Xiao Hui Wang Art Center
- Established: 2003
- Location: 6C, High-tech Building, south campus of Tongji University, No. 67 Chifeng Road, Yangpu District, 200092, Shanghai, China
- Type: Contemporary Art, New Media Art
- Director: Xiao Hui Wang
- Public transit access: Shanghai Metro Line 10, Siping Road Station or Tongji University Station

= Xiao Hui Wang Art Center =

Art institute in Shanghai, China

The Xiao Hui Wang Art Center was an art institute at Tongji University, Shanghai. Founded in 2003, it was administered by Professor Xiao Hui Wang, and was known for its numerous commissioned urban design projects and for being the first art institute in China to focus on new media art. The Center closed in 2015.

==Design==
Its design for the 2010 Shanghai Expo Urban Footprint Pavilion was chosen after international competition, and it worked with the Shanghai Museum, the sponsor and official organizer, to carry it out.

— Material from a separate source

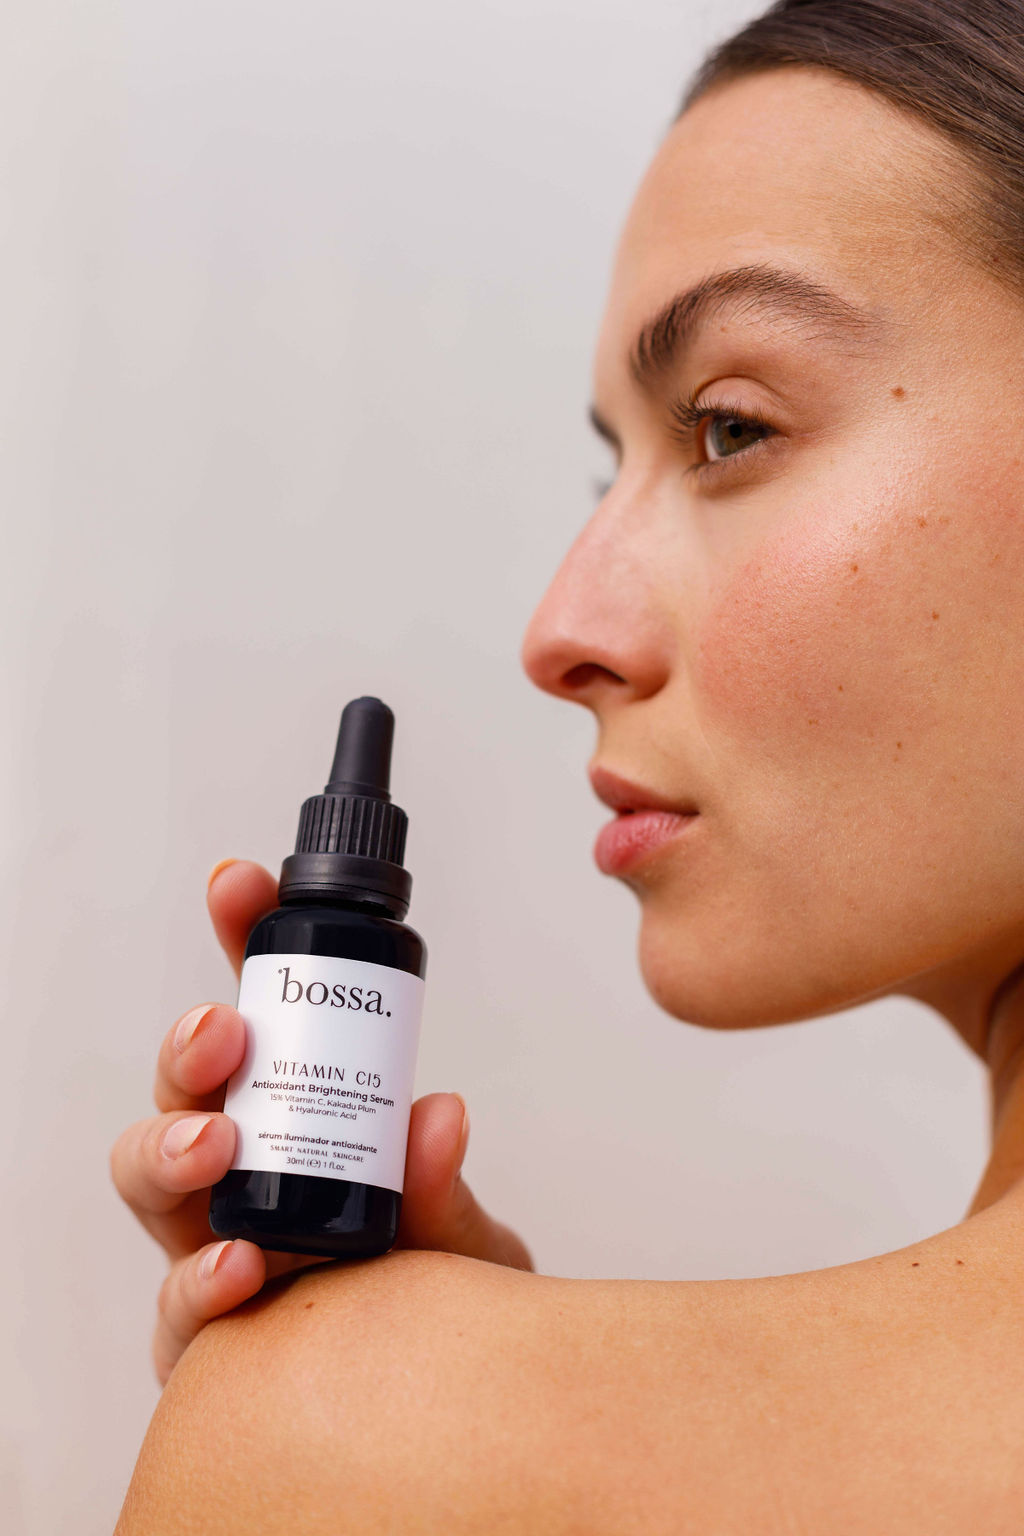 What does a Vitamin C serum do for your skin?
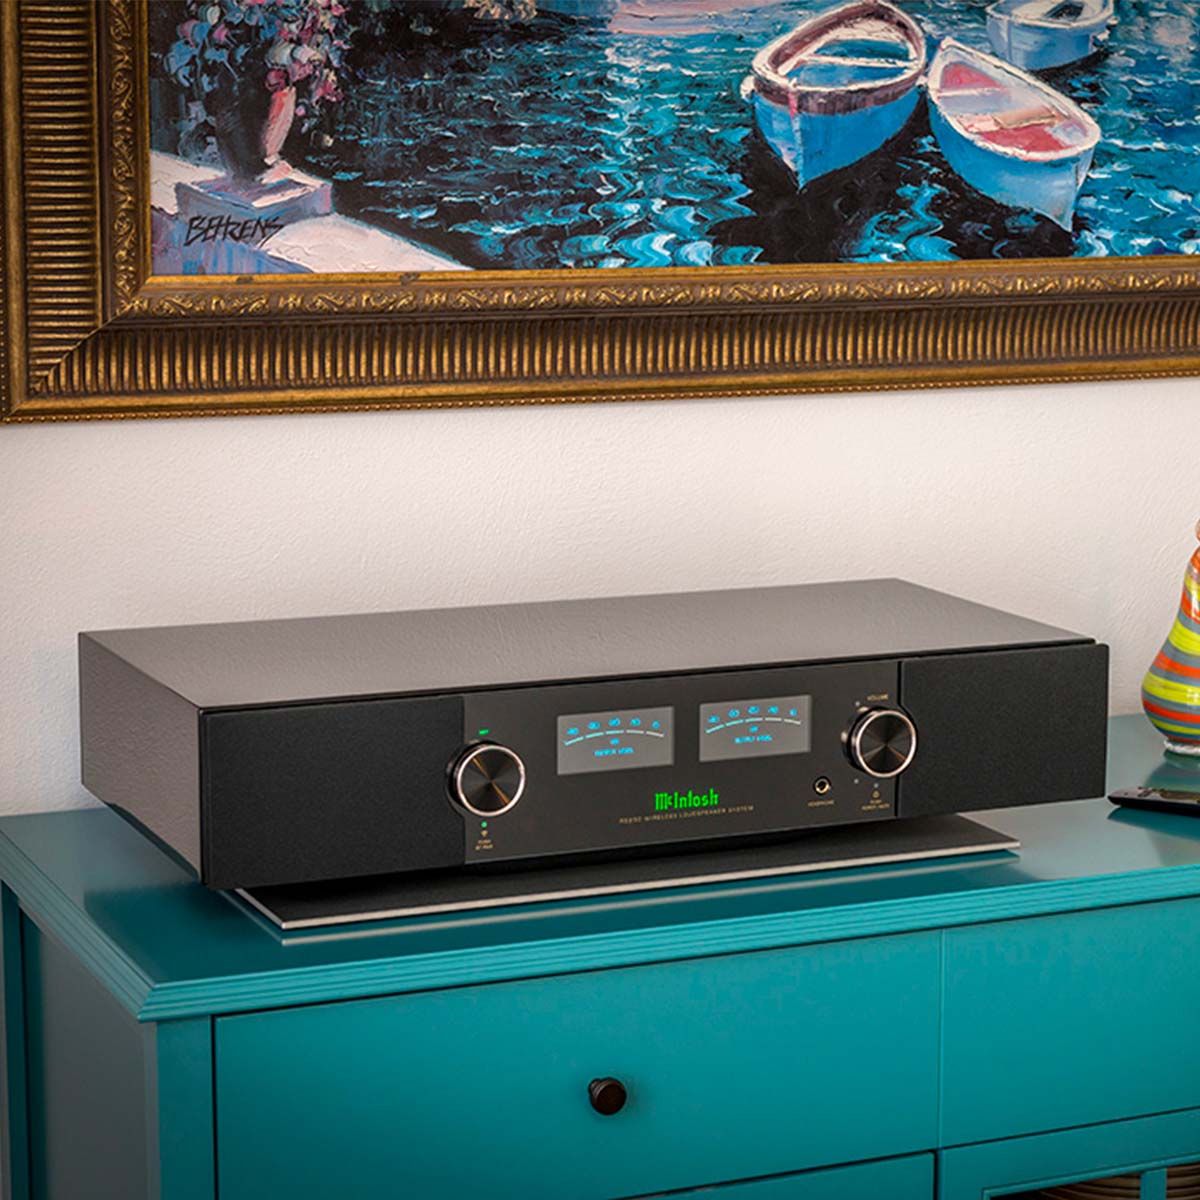 McIntosh RS250 Wireless Speaker, on top of turquoise media console

Other projects included urban art projects for the cities of Langfang, Datong, Nantong, Suzhou and Zhuhai, artistic design work for the Nanjing World Trade Center, the Tianjin Innovation-China e•Group building, the Zendai Radisson Hotel in Shanghai and numerous designs and multimedia installations for Christofle, BMW MINI, J. P. Morgan, Audi, Van Cleef & Arpels and Sergio Rossi among others.